Iceland’s second major volcanic explosion in less than a month (see also my blog of March 21) has led to the cancellation of all flights across the UK for the second day running. Ireland, the Scandinavian countries, Belgium and the Netherlands also closed their airspace yesterday, while France and Germany suffered severe disruption.
It is a reminder of how the ash flung out from a volcano can be even more devastating than the eruption itself. The eruption of Laki on Iceland in June, 1783 produced a cloud that spread as far as Moscow and Baghdad. In England, it turned the weather bleak and foggy while in Alaska, the Kauwerak tribe dubbed 1783 “the year summer did not come.” There followed one of the worst winters in 250 years in Europe and America. According to some estimates, the eruption indirectly caused up to 200,000 deaths.

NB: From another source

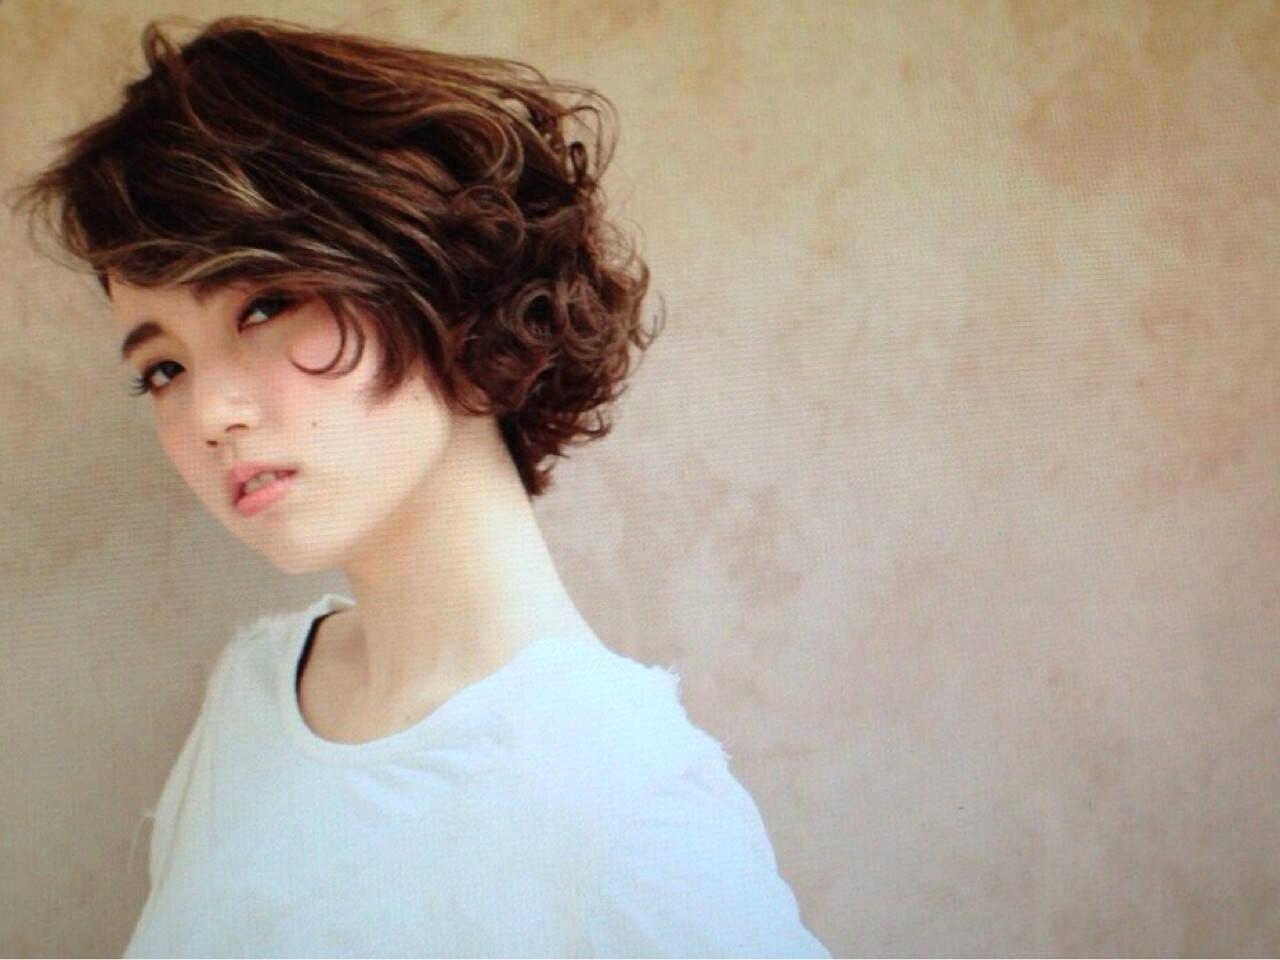 抜け感 モード ボブ ハイライトヘアスタイルや髪型の写真・画像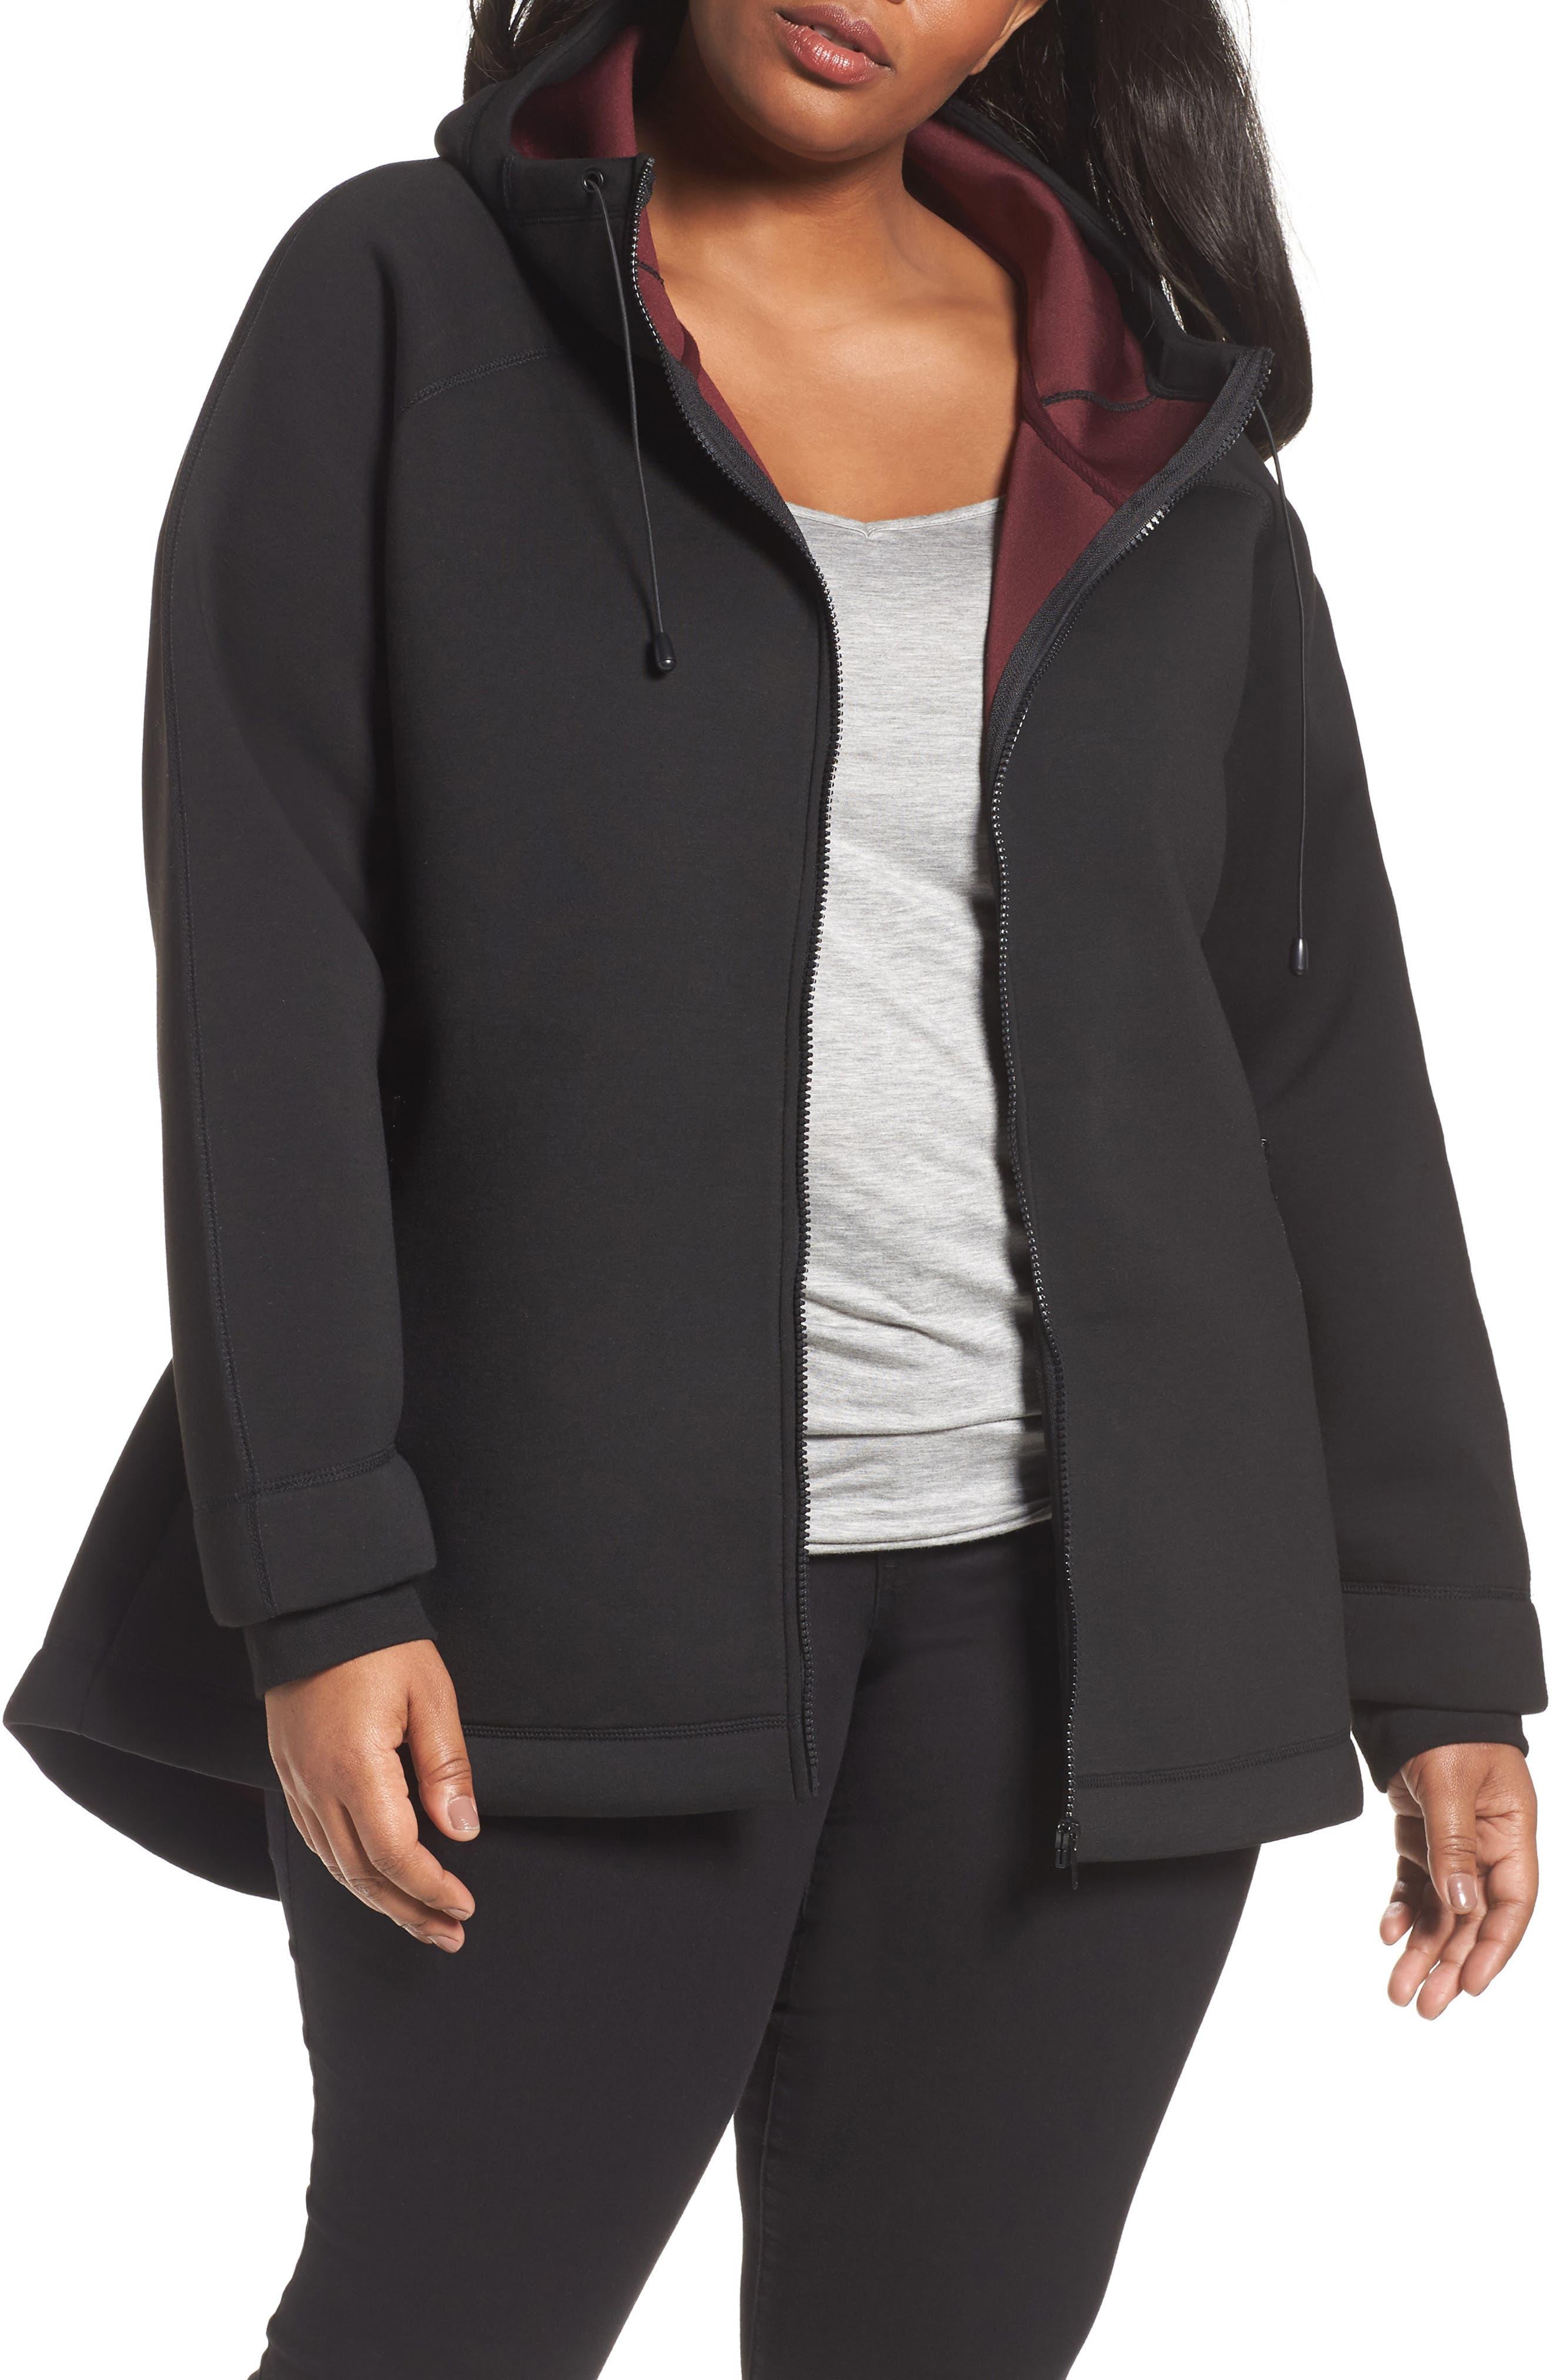 Main Image - Kristen Blake Mono Knit Drawstring Hooded Jacket (Plus Size)

The effects of Laki were probably exacerbated by the eruption of another volcano two months later – Mount Asama in Japan. It lowered temperatures, causing crop failure and famine, with harvests not recovering for a decade.
Indonesia’s Tambora went up in smoke in 1815, producing another year without a summer. Snow fell in Canada and New England in June, and in England in July. The famine and disease of the aftermath were deadly enough to kill perhaps 80,000 in Indonesia and 200,000 in Europe. Alarming, but not as deadly as the prehistoric eruption at Toba (also in Indonesia). The volcanic winter that followed is reckoned to have wiped out 99% of the humans then walking the earth.